I've cut-and-pasted their report into my "To Do" List for this weekend: The Center for "Science" in the Public Interest continues to put the emphasis on "science" as most people use that word today -- that is, "science" meaning "things we already know but paid a lot of money to hear again." The latest study... excuse me, "study"... reports that we eat a lot of unhealthy stuff that can make us fat.

In their "Xtreme Eating Awards 2009" (nothing says "science" like lame words like Xtreme), The Center for "Science" calls out restaurants for serving large portions and not labeling their menus with a calorie count.
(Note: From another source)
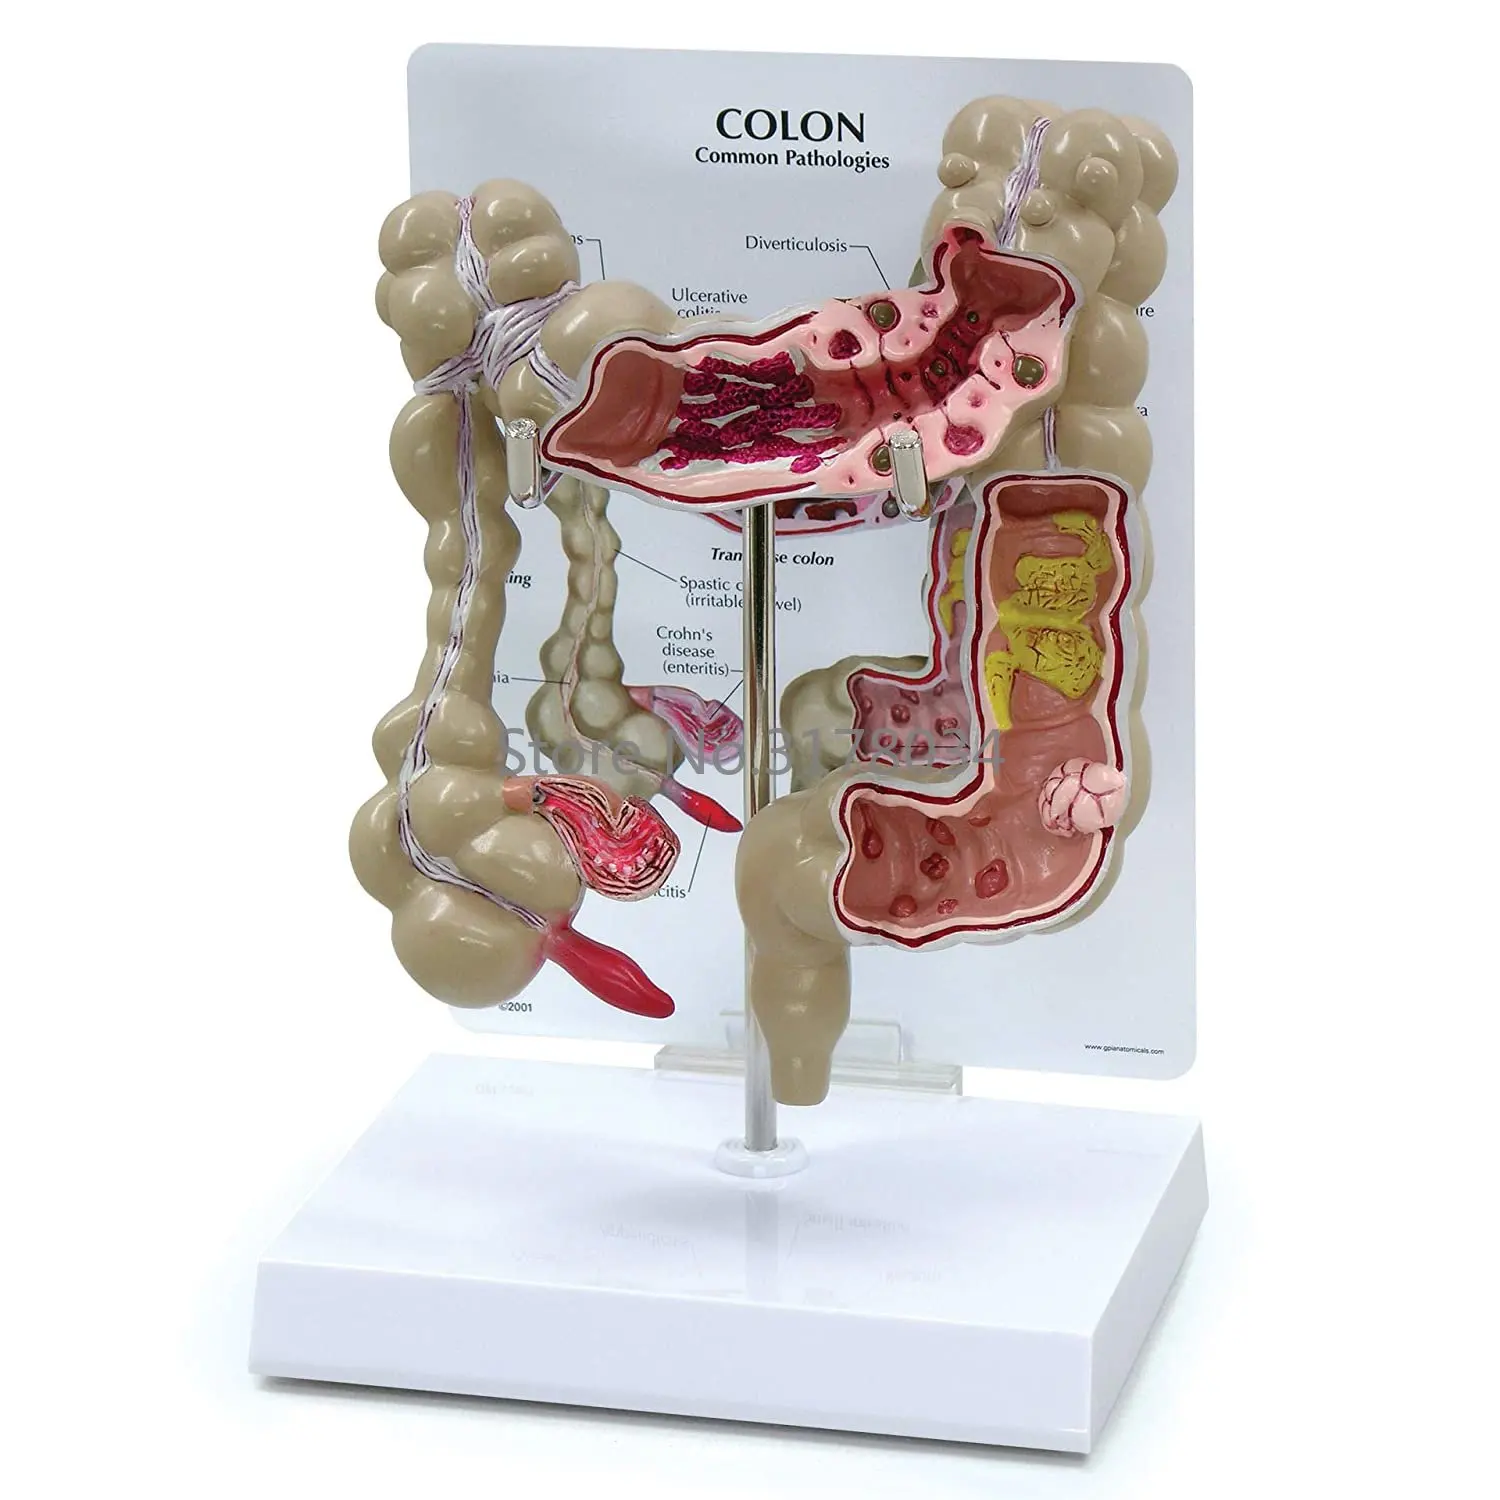 Анатомия человеческого тела, точная копия толстой кишки с общими патологиями для врачей, офисный обучающий инструмент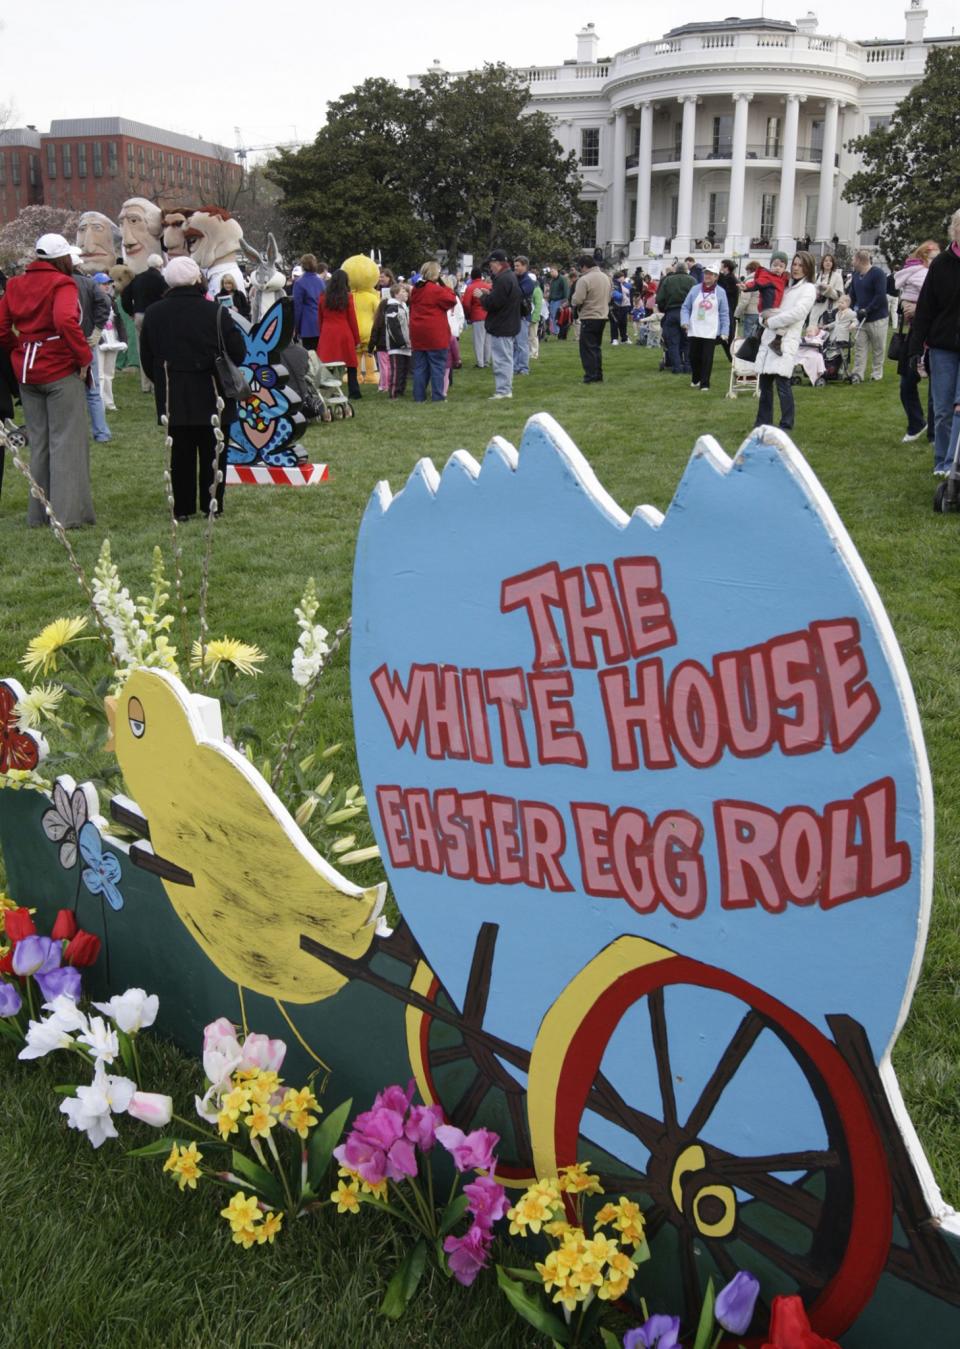 White House Easter Egg Roll sign

I'm not sure where the "science" part of all this is-- unless "science" now means "stating the obvious," in which case let me just say The sun comes up in the East and collect my Nobel prize money... but I agree with them that there's simply no way we could ever know this food is unhealthy without a calorie count. Take, for example, the "Fried Macaroni & Cheese" appetizer at "The Cheesecake Factory." Without a menu label showing that it has 1,570 calories, how would you or I know that a cheesy dish dipped in batter and deepfried, and served by a restaurant called "The Cheesecake Factory" was unhealthy?

Website of the Day: I'm going to promote, again, the Pepins' new effort, Memoir of the French Resistance, and heartily recommend that you read about Marco Pepin's life during WWII... and that you do so while eating some Fried Macaroni & Cheese. Everything goes better with a deep-fried snack, don't you think?